Department of Endocrinology, People's Hospital of Wanning, Wanning, Hainan Province, China.
Department of Industrial Design, Hubei University of Technology, Wuhan, Hubei Province, China.
BMJ Open. 2023 May 30;13(5):e072991. doi: 10.1136/bmjopen-2023-072991.
The prevalence of diabetes has increased globally, leading to a significant disease burden and financial cost. Early prediction is crucial to control its prevalence.
A prospective cohort study.
National representative study on Irish.
8504 individuals aged 50 years or older were included.
Surveys were conducted to collect over 40 000 variables related to social, financial, health, mental and family status.
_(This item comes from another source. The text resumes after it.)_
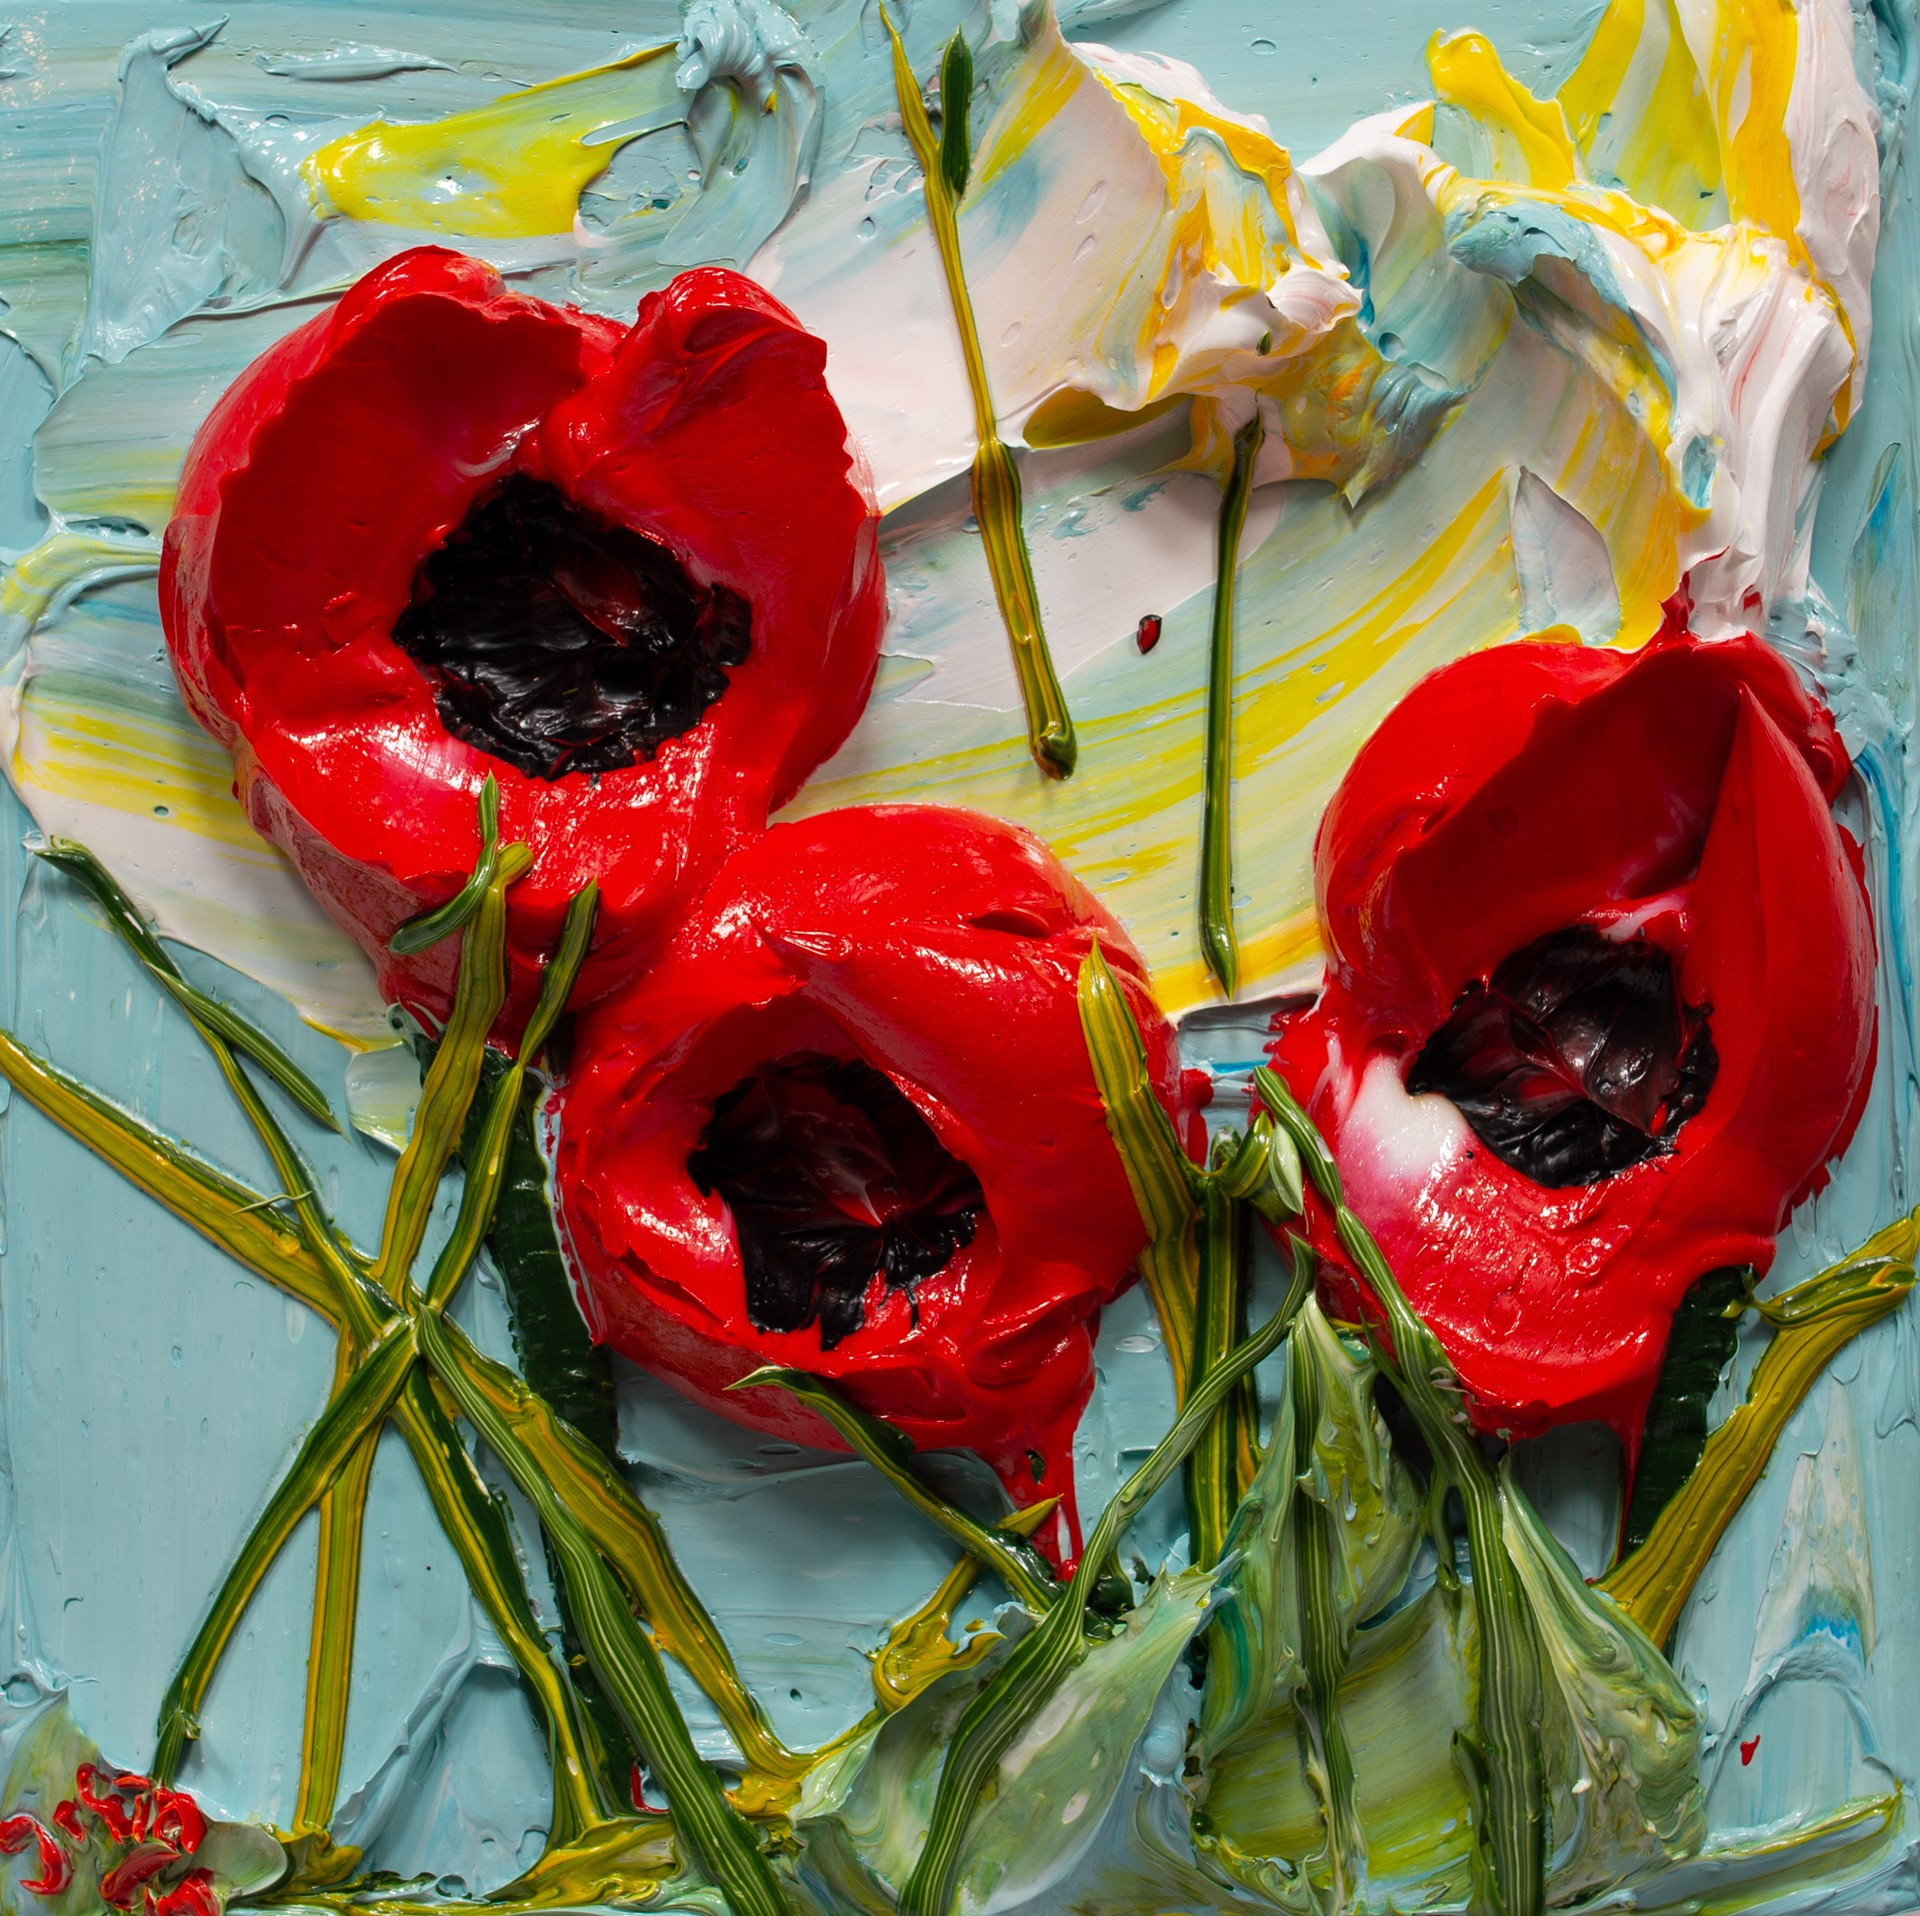 POPPY FLOWERS-PF-12X12-2019-180 by JUSTIN GAFFREY
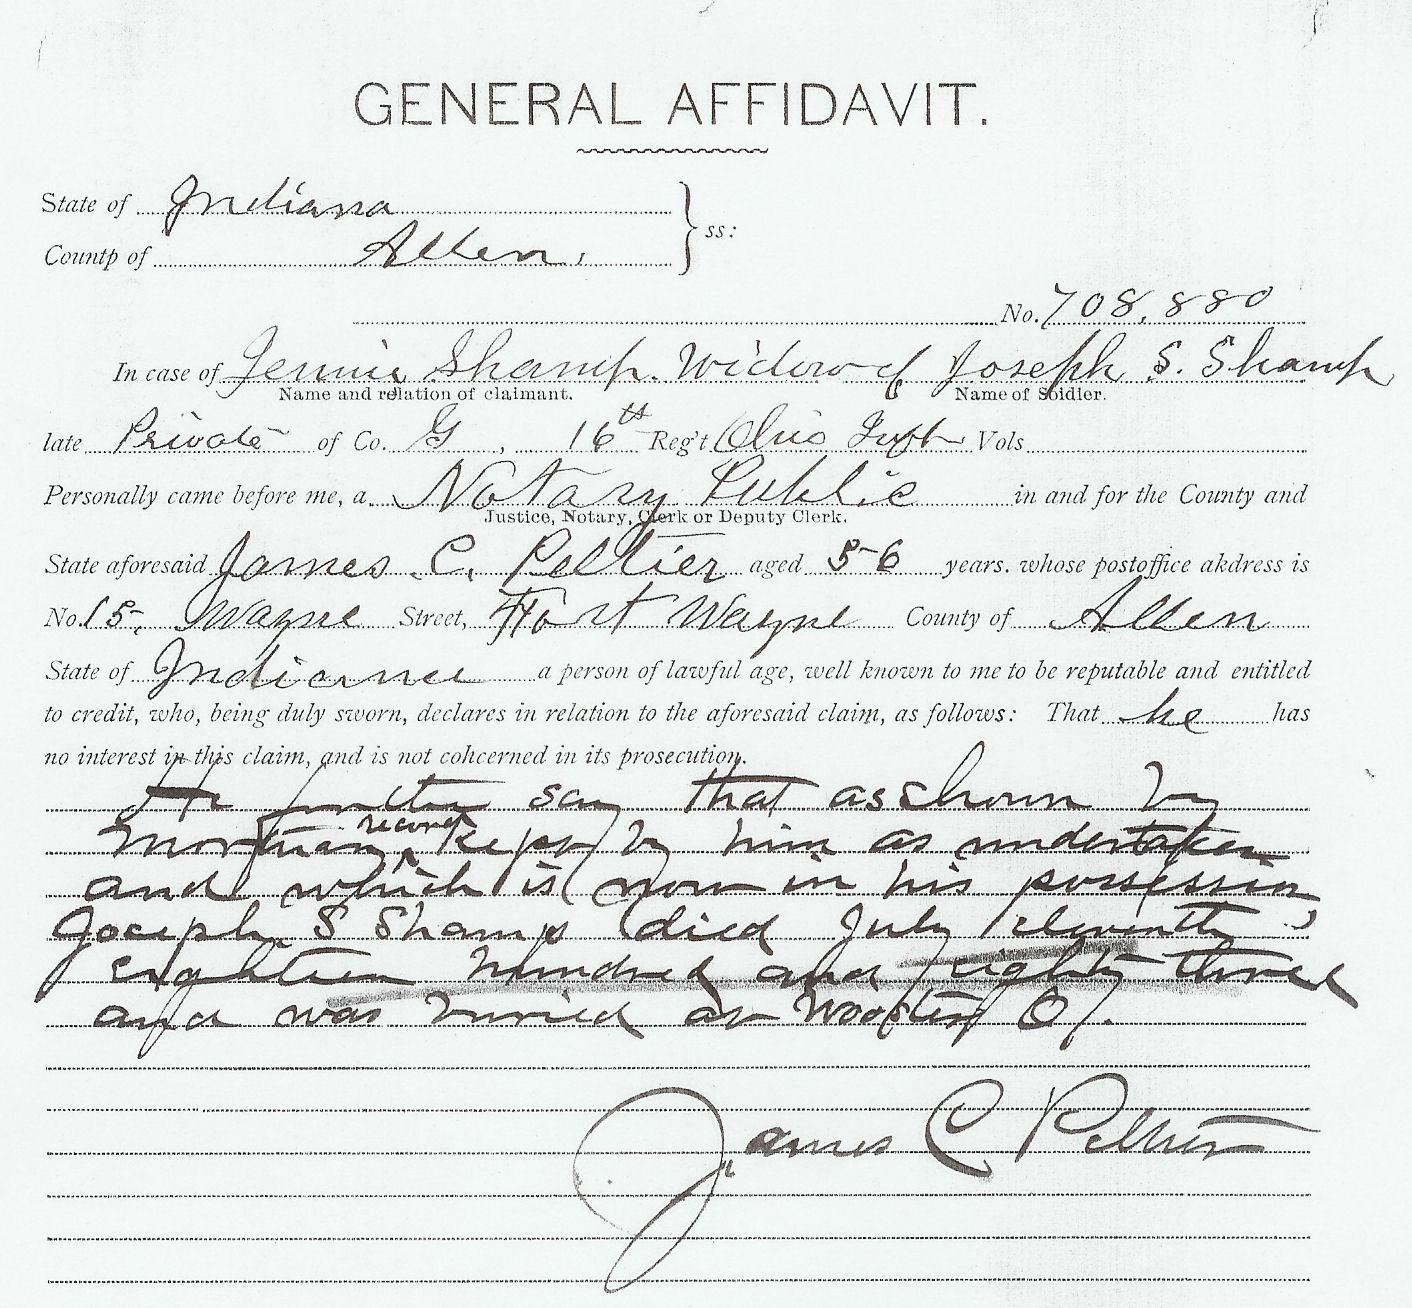 General Affidavit | Clipart Panda - Free Clipart Images

Feature selection was performed using logistic regression. Different machine/deep learning algorithms were trained, including distributed random forest, extremely randomised trees, a generalised linear model with regularisation, a gradient boosting machine and a deep neural network. These algorithms were integrated into a stacked ensemble to generate the best model. The model was tested using various metrics, such as the area under the curve (AUC), log loss, mean per classification error, mean square error (MSE) and root MSE (RMSE). The SHapley Additive exPlanations (SHAP) method was used to interpret the established model.
After 2 years, 105 baseline features were identified as major contributors to diabetes risk, including sex, low-density lipoprotein cholesterol and cirrhosis. The best model achieved high accuracy, robustness and discrimination in predicting diabetes risk, with an AUC of 0.854, log loss of 0.187, mean per classification error of 0.267, RMSE of 0.229 and MSE of 0.052 in the independent test set. The model was also shown to be well calibrated. The SHAP algorithm provided insights into the decision-making process of the model.
These findings could help physicians in the early identification of high-risk patients and implement targeted interventions to reduce diabetes incidence.
全球糖尿病患病率不断上升,导致疾病负担和经济成本显著增加。早期预测对于控制其流行至关重要。
前瞻性队列研究。
爱尔兰全国代表性研究。
纳入 8504 名年龄在 50 岁或以上的个体。
进行了调查,以收集与社会、财务、健康、心理和家庭状况相关的 40000 多个变量。使用逻辑回归进行特征选择。训练了不同的机器/深度学习算法,包括分布式随机森林、极度随机树、正则化广义线性模型、梯度提升机和深度神经网络。这些算法被整合到一个堆叠集成中,以生成最佳模型。使用各种指标,如曲线下面积(AUC)、对数损失、每分类误差的平均值、均方误差(MSE)和根均方误差(RMSE),对模型进行测试。使用 SHapley Additive exPlanations(SHAP)方法来解释所建立的模型。
2 年后,确定了 105 个基线特征,这些特征是导致糖尿病风险的主要因素,包括性别、低密度脂蛋白胆固醇和肝硬化。最佳模型在预测糖尿病风险方面具有较高的准确性、稳健性和区分度,在独立测试集中 AUC 为 0.854、对数损失为 0.187、每分类误差的平均值为 0.267、RMSE 为 0.229 和 MSE 为 0.052。模型也表现出良好的校准。SHAP 算法提供了模型决策过程的深入了解。
这些发现可以帮助医生早期识别高危患者,并实施有针对性的干预措施,以降低糖尿病的发病率。